▶ Dataset records:
_____
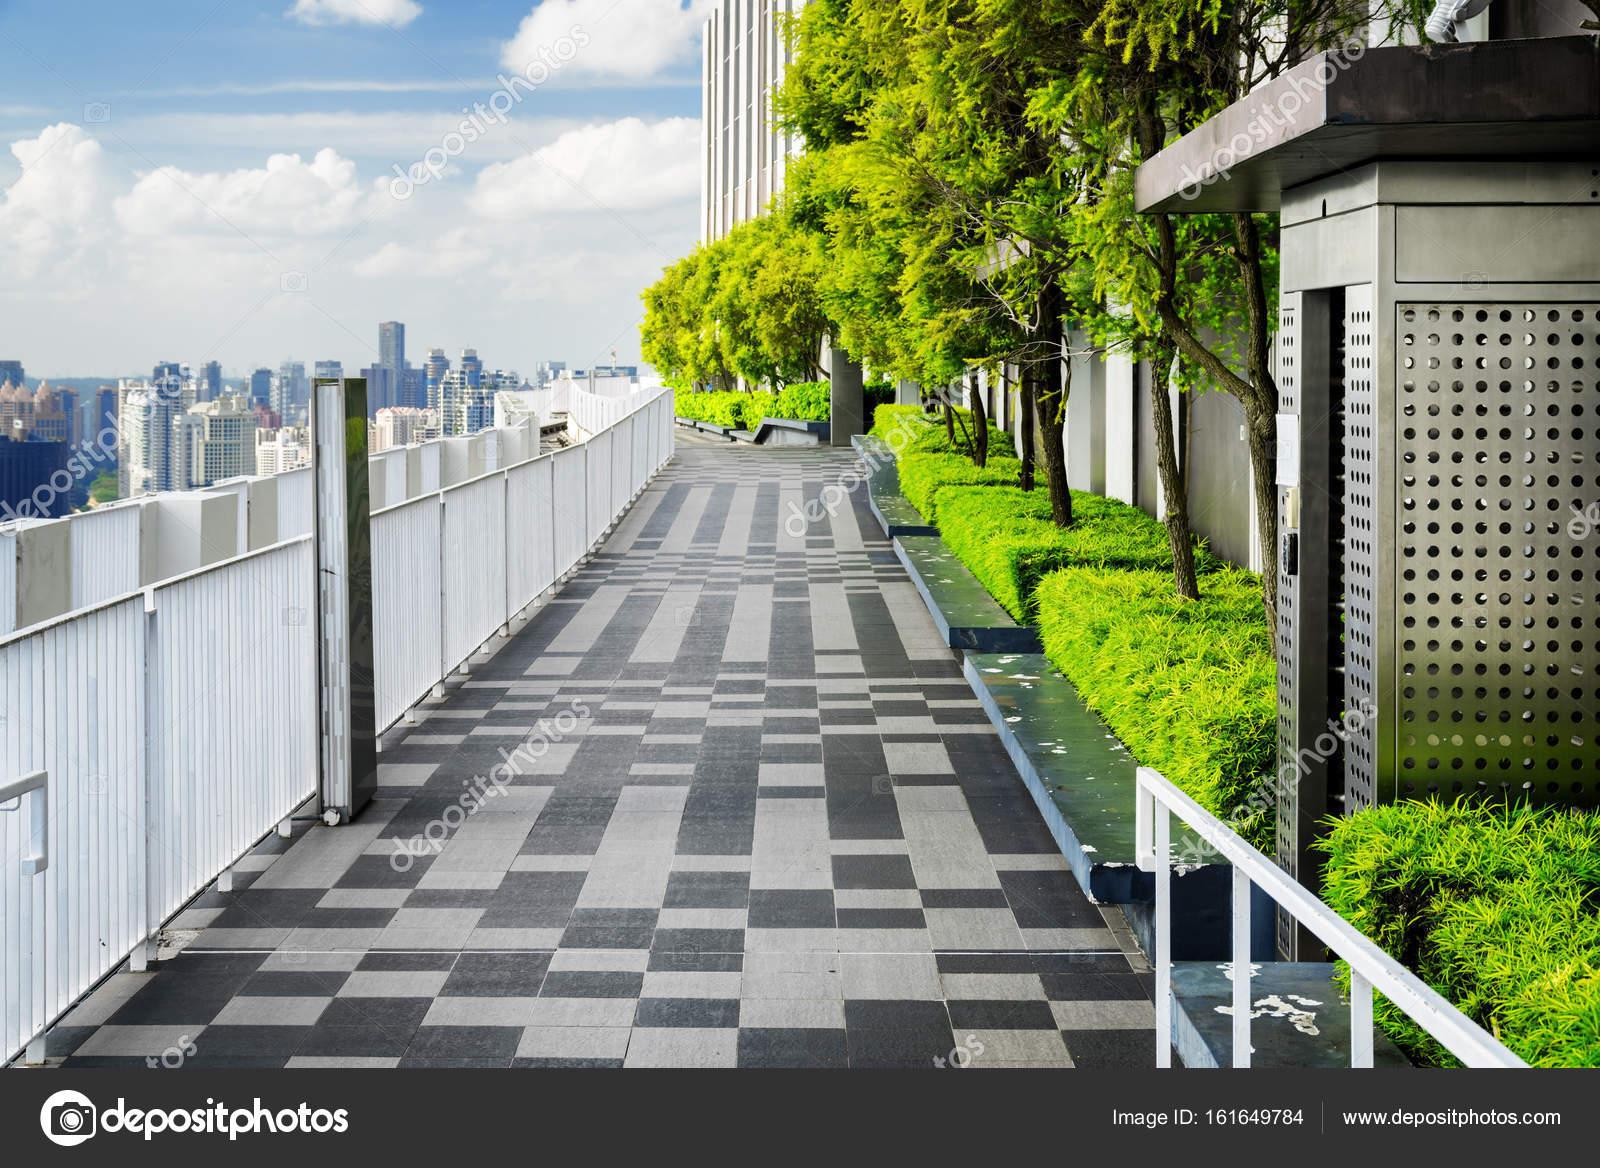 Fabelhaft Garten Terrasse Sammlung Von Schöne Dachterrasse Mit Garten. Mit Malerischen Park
_____
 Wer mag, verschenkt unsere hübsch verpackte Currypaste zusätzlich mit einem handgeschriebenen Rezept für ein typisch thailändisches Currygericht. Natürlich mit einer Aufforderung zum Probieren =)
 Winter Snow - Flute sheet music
_____
Begin with the line above that has "Wer mag, verschenkt" and continue through the line that has "Winter Snow - Flute sheet music", setting each one down exactly. Stop there.

▶ Result for this exercise:
 Wer mag, verschenkt unsere hübsch verpackte Currypaste zusätzlich mit einem handgeschriebenen Rezept für ein typisch thailändisches Currygericht. Natürlich mit einer Aufforderung zum Probieren =)
 Winter Snow - Flute sheet music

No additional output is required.